The Inflation Reduction Act  (IRA), signed into law last week, is a boon for virtual power plants (VPPs)–a term commonly used to refer to the ability of digital software platforms to aggregate and optimize distributed energy resources (DER) through the use of artificial intelligence (AI). Though the bill is wide-ranging and addresses health care and federal deficit reduction, the most transformative impact this legislation will have is clearly on reducing the threat of global climate change. Why is the IRA the most significant piece of environmental legislation in decades? The total amount being invested – $360 billion over the next decade – to slash greenhouse gas emissions by 40% by 2030 is the largest commitment to climate change mitigation in U.S. history.

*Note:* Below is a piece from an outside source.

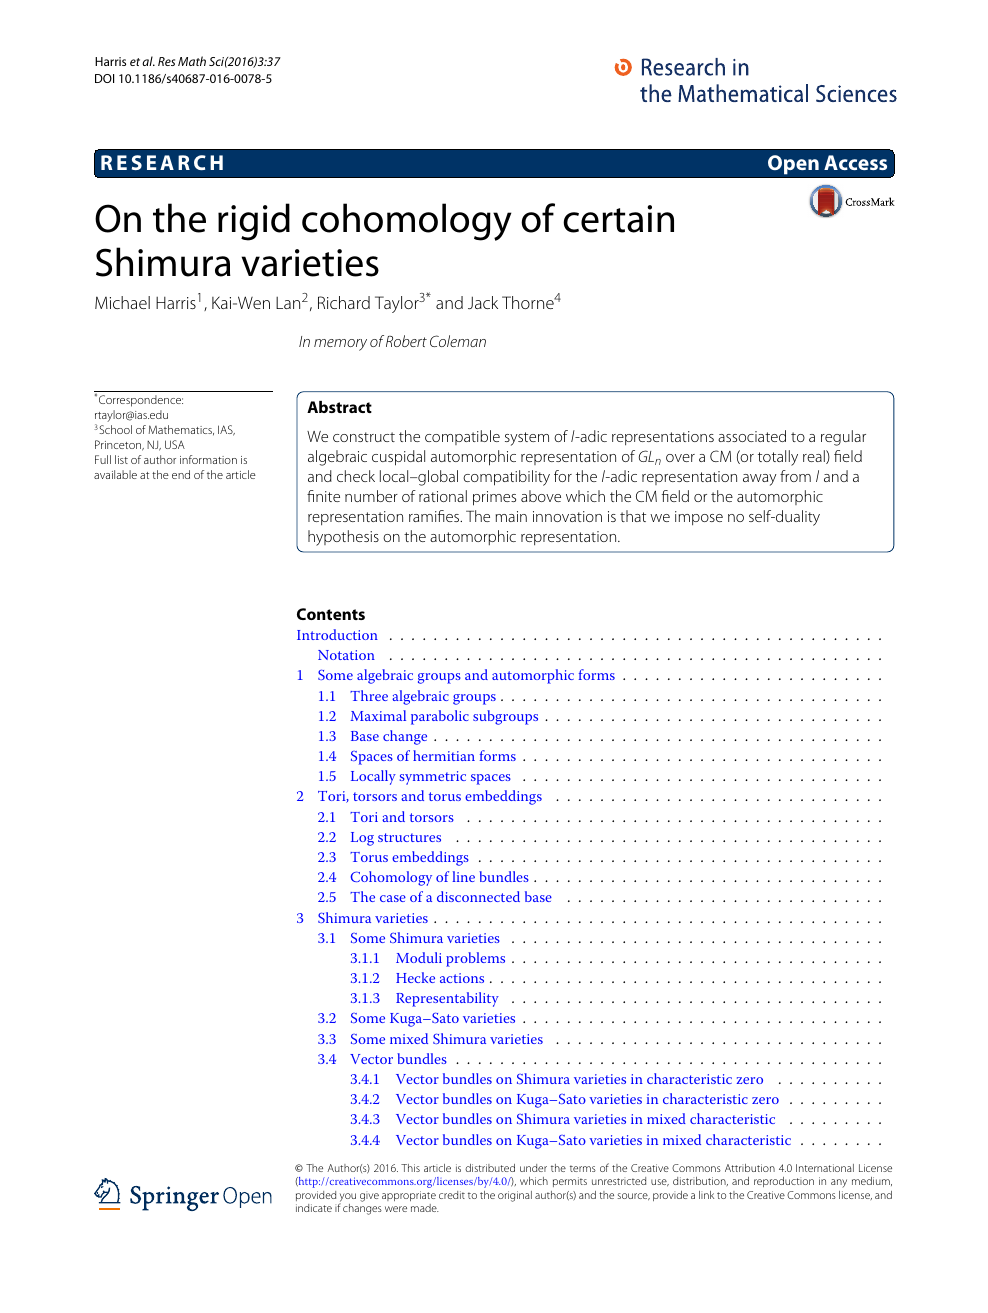 On The Rigid Cohomology Of Certain Shimura Varieties Topic Of Research Paper In Mathematics Download Scholarly Article Pdf And Read For Free On Cyberleninka Open Science Hub

While investments in the environment were once viewed as a cost rather than a benefit for consumers, it is estimated that when fully enacted, this legislation will save U.S. consumers between $170 and $200 billion annually. Read on to learn why this legislation is great news for VPPs, a platform that converts DERs from grid management problems into cutting-edge solutions.

VPPs Represent a Bottoms-Up Approach to Climate Disruption Solutions

Due to the recent Supreme Court’s ruling limiting how the federal Environmental Protection Agency (EPA) can regulate emissions contributing to climate change from large centralized power plants, the new IRA takes a bottom-up rather than a top-down approach to achieve the innovation necessary to respond to the climate change threat. The law will allow consumers to be transformed into prosumers thanks to a series of tax credits and other incentives allowing them to make their homes and businesses vital solutions to the climate change conundrum. This, in turn, will create a pool of DER assets that can be intelligently managed to bolster grid reliability without the need for fossil fuel peaker plants to fill in the gaps when the sun doesn’t shine, or the wind doesn’t blow.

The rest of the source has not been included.